Bodor N, Loftsson T, Wu W M
Center for Drug Discovery, J. Hillis Miller Health Center, College of Pharmacy, University of Florida, Gainesville 32606.
Pharm Res. 1992 Oct;9(10):1275-8. doi: 10.1023/a:1015849132396.

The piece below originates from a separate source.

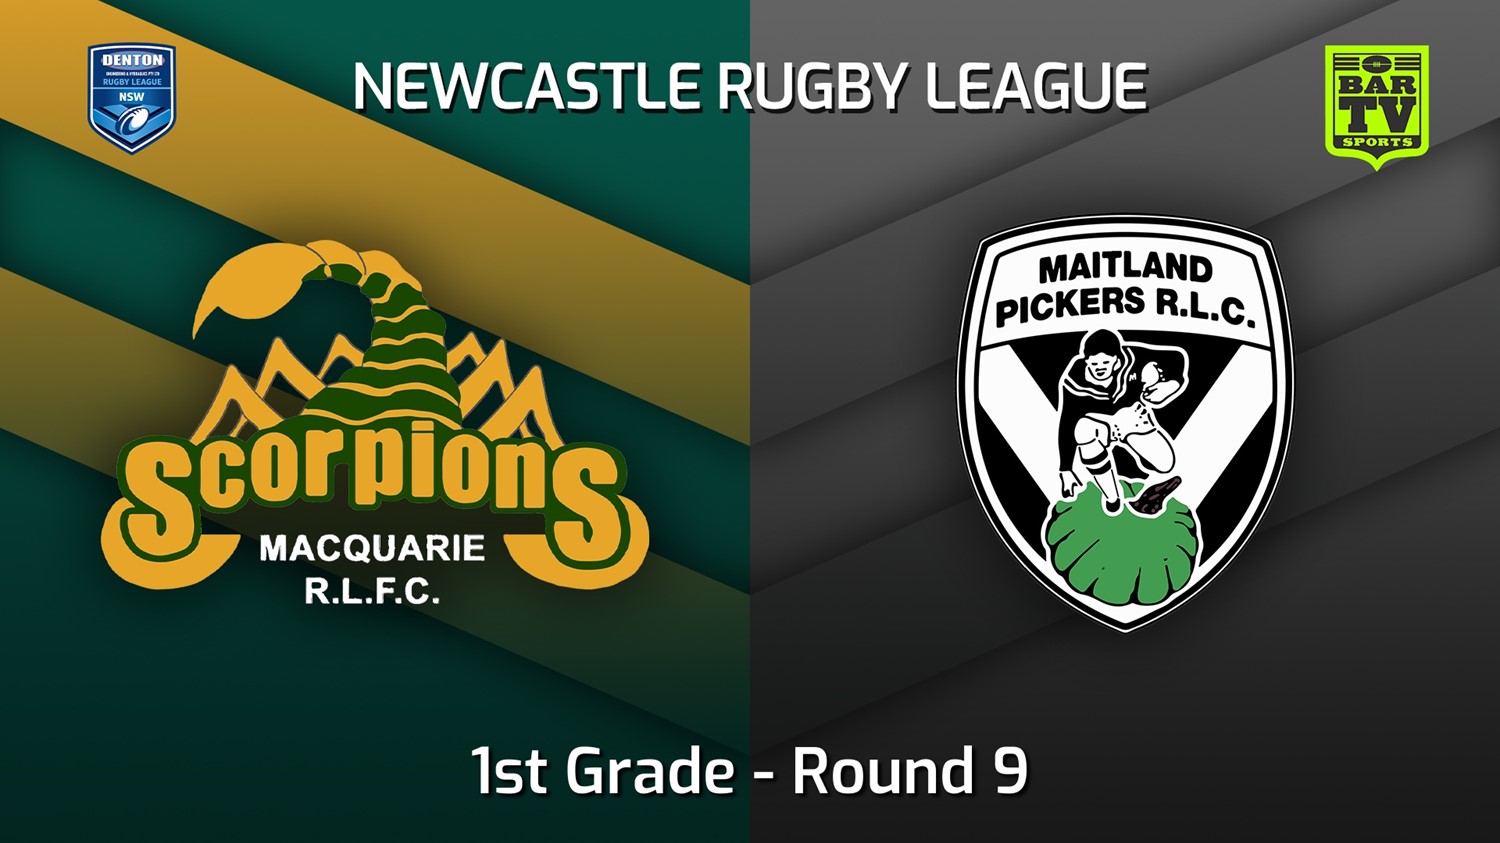 220528-Newcastle Round 9 - 1st Grade - Macquarie Scorpions v Maitland Pickers Slate Image

The soft corticosteroid, loteprednol etabonate (chloromethyl 17 alpha-ethoxycarbonyloxy-11 beta-hydroxy-3-oxoandrosta-1,4-diene-17 beta-carboxylate), I, was designed based on the "inactive metabolite approach." Accordingly, I should be metabolized by hydrolysis to the corresponding inactive cortienic acid derivative, II. The in vitro and in vivo metabolism of I indeed yielded mainly this inactive metabolite, which is more hydrophilic and thus readily eliminated from the body. Relatively high levels of I were found in tissues after intravenous administration of the drug in rats. The permeability of I through hairless mouse skin was comparable to what has been found for related "hard" steroids, without significant metabolism taking place in the skin.

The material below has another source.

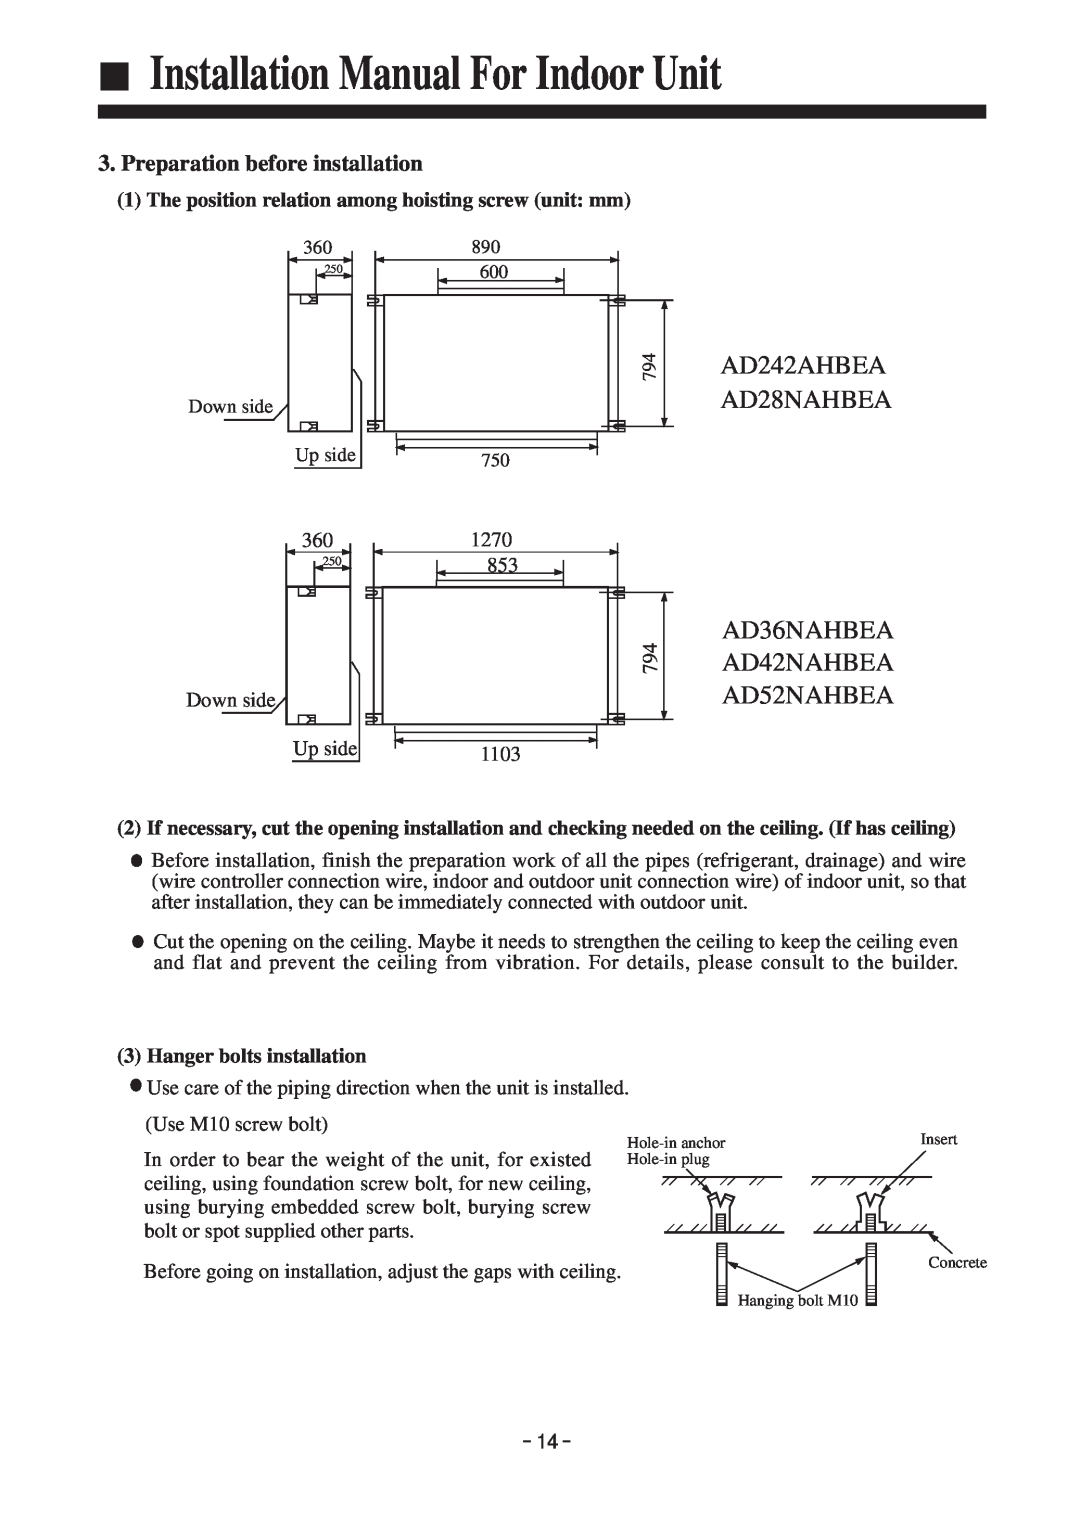 Haier instruction manual Installation Manual For Indoor Unit, AD242AHBEA AD28NAHBEA, AD36NAHBEA AD42NAHBEA AD52NAHBEA

软质皮质类固醇卤倍他索丙酸酯(17α - 乙氧基羰基氧基 - 11β - 羟基 - 3 - 氧代雄甾 - 1,4 - 二烯 - 17β - 羧酸氯甲酯),即化合物I,是基于“无活性代谢物方法”设计的。因此,化合物I应通过水解代谢为相应的无活性皮质酸衍生物,即化合物II。化合物I的体外和体内代谢确实主要产生了这种无活性代谢物,该代谢物亲水性更强,因此易于从体内消除。在大鼠静脉注射该药物后,在组织中发现了相对较高水平的化合物I。化合物I透过无毛小鼠皮肤的渗透性与相关“硬质”类固醇相当,且在皮肤中未发生显著代谢。